The central bank report shows that November’s remittance inflow increased by $690 million, or 31 percent, compared to the same month last year, when expatriates sent $2.2 billion.

Bangladesh Bank officials attributed the rise to the government’s initiatives to curb hundi, attractive remittance incentives, and improvements in the banking channel, all of which have contributed to stabilizing the country’s foreign exchange reserves.

Consistent Growth in Current Fiscal Year

As per Bangladesh Bank data, monthly remittance inflows in the ongoing 2025–26 fiscal year were: July: $247.78 million, August: $242.19 million, September: $268.58 million, October: $256.35 million.
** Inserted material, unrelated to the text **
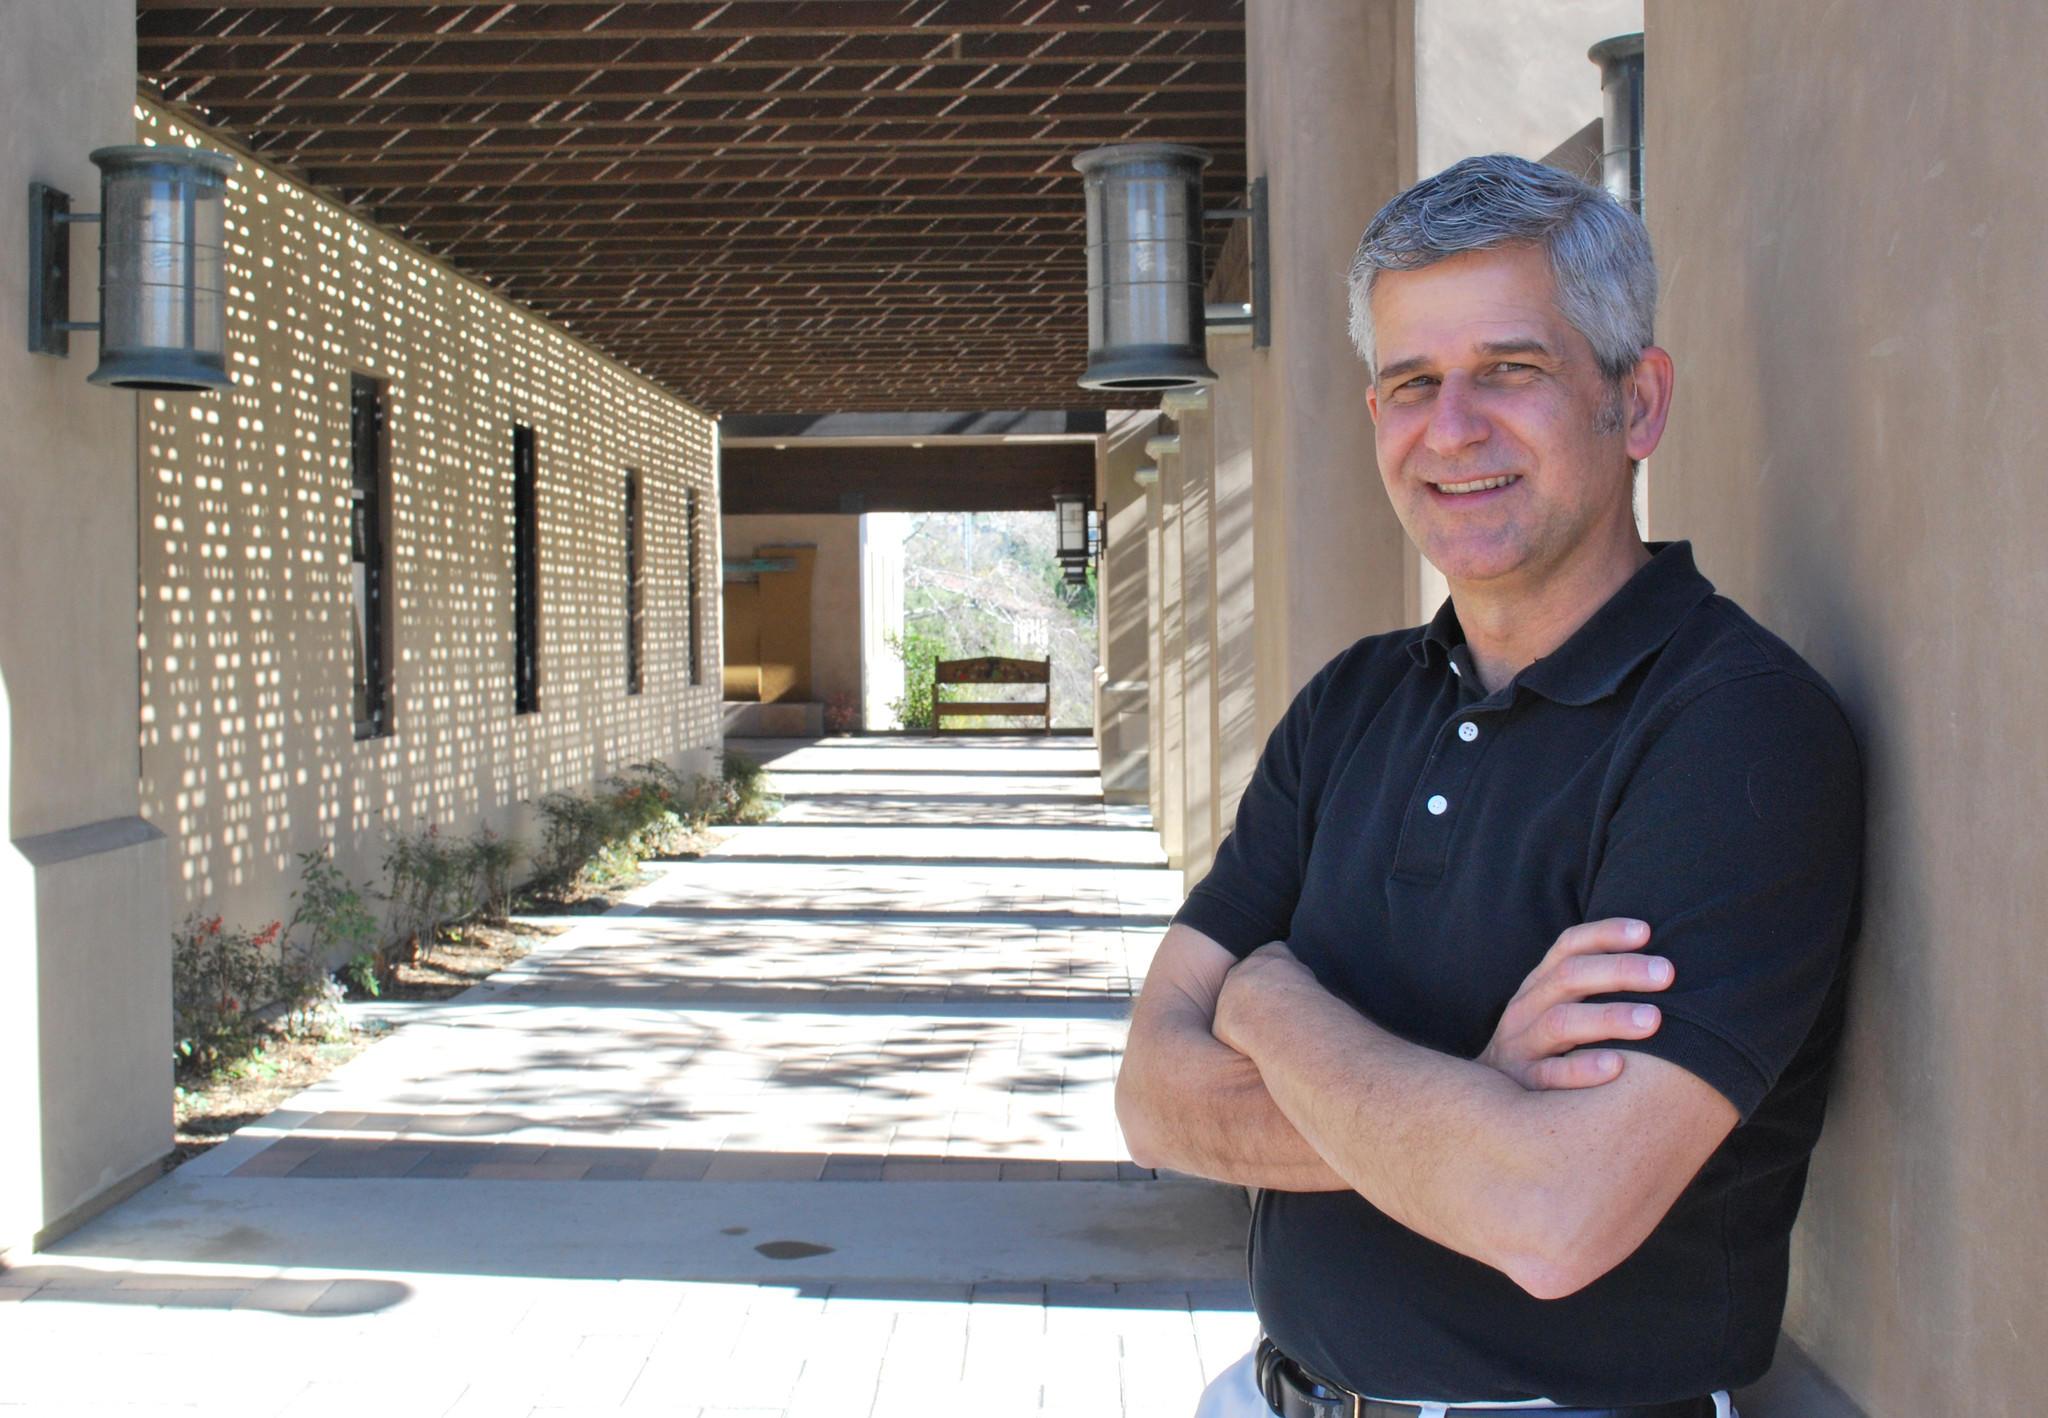 Rev. Dr. Mark Davis, new pastor at St. Mark Presbyterian Church in Newport Beach.

In the first five months of the fiscal year (July–November), expatriates sent home a total of $13.03 billion, equivalent to around Tk 160,000 crore.

Bangladesh also saw record remittances in the 2024–25 fiscal year, receiving $30.33 billion, which is 27 percent higher than the previous fiscal year’s $23.74 billion.

Experts say the consistent increase in remittance earnings is helping stabilize the overall economy, especially by easing pressure on the dollar supply and improving foreign transactions.

The strong upward trend signals growing confidence among expatriates in formal banking channels and the effectiveness of government policies aimed at boosting remittance inflow.